Suppose my input is (a,b and c to distinguish between equal keys)
1 6a 8 3 6b 0 6c 4
My counting sort will save as (discarding the a,b and c info!!)
0(1) 1(1) 3(1) 4(1) 6(3) 8(1)
which will give me the result
0 1 3 4 6 6 6 8
So, how is this stable sort? I am not sure how it is "maintaining the relative order of records with equal keys."
Please explain.
Simple, really: instead of a simple counter for each 'bucket', it's a linked list.
That is, instead of
0(1) 1(1) 3(1) 4(1) 6(3) 8(1)
You get
0(.) 1(.) 3(.) 4(.) 6(a,b,c) 8(.)
(here I use . to denote some item in the bucket).

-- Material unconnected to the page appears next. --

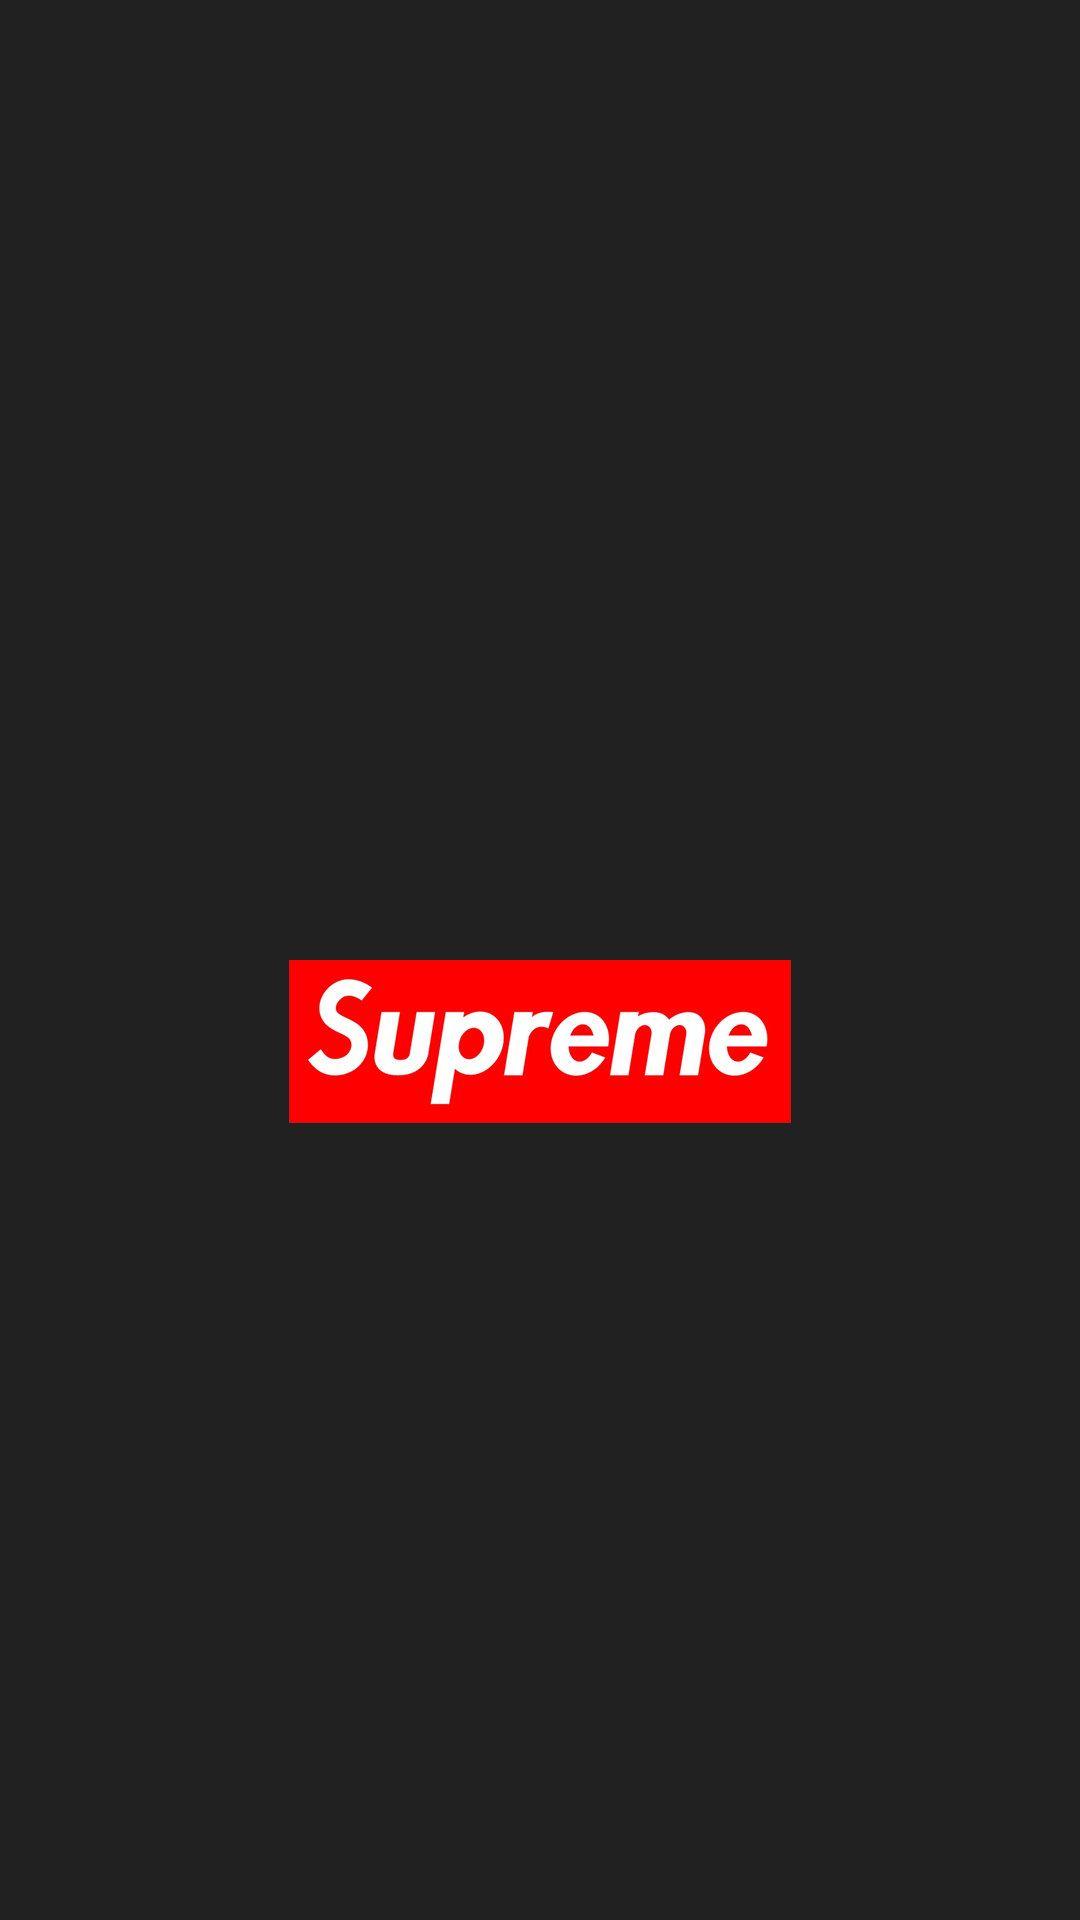 Supreme iPhone Wallpapers - Top Free Supreme iPhone Backgrounds ...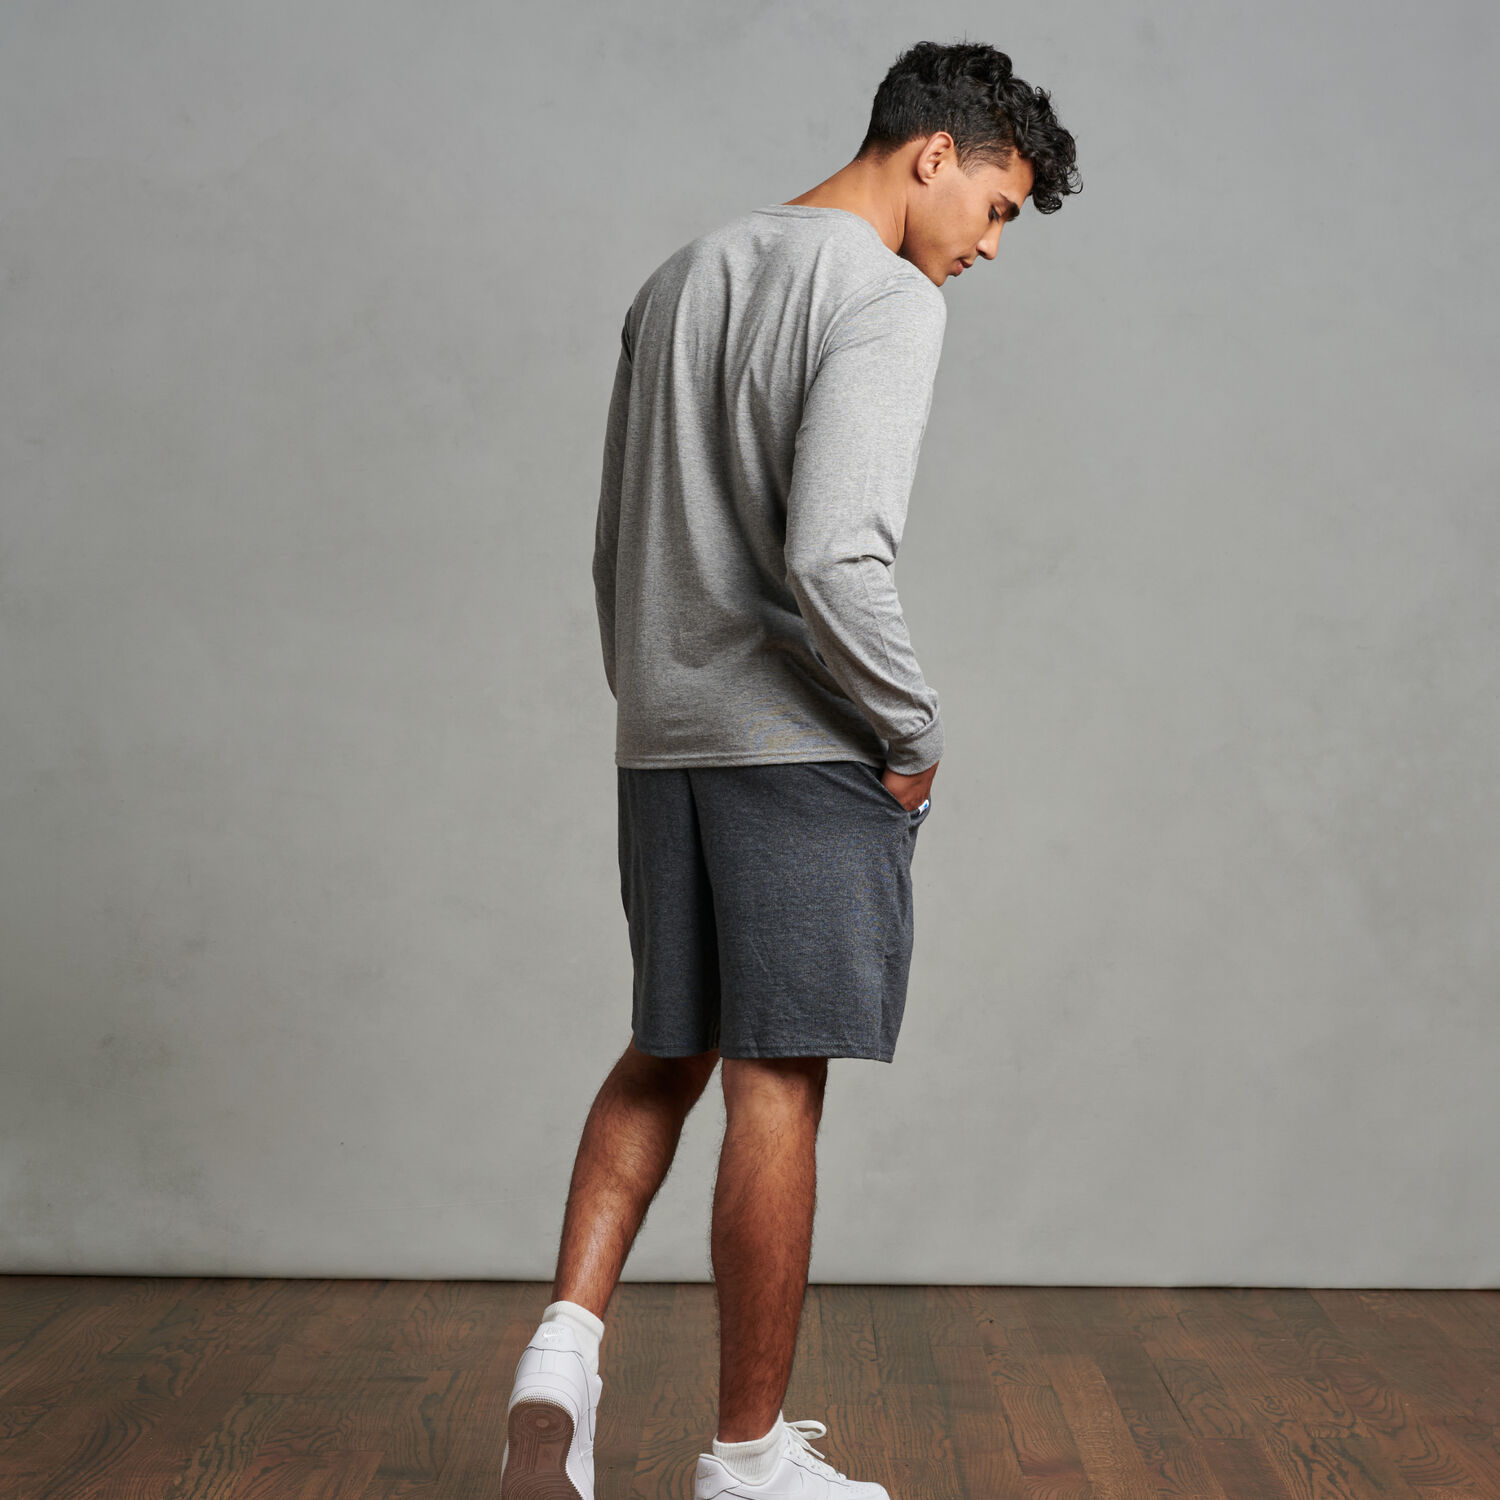 Wholesale Plain Sweat Shorts For A Cool, Stylish Look On Any

Then just dump them back into one sorted list:
0 1 3 4 6a 6b 6c 8
That is, when you find an item with key x, knowing that it may have other information that distinguishes it from other items with the same key, you don't just increment a counter for bucket x (which would discard all those extra information).
Instead, you have a linked list (or similarly ordered data structure with constant time amortized append) for each bucket, and you append that item to the end of the list for bucket x as you scan the input left to right.
So instead of using O(k) space for k counters, you have O(k) initially empty lists whose sum of lengths will be n at the end of the "counting" portion of the algorithm. This variant of counting sort will still be O(n + k) as before.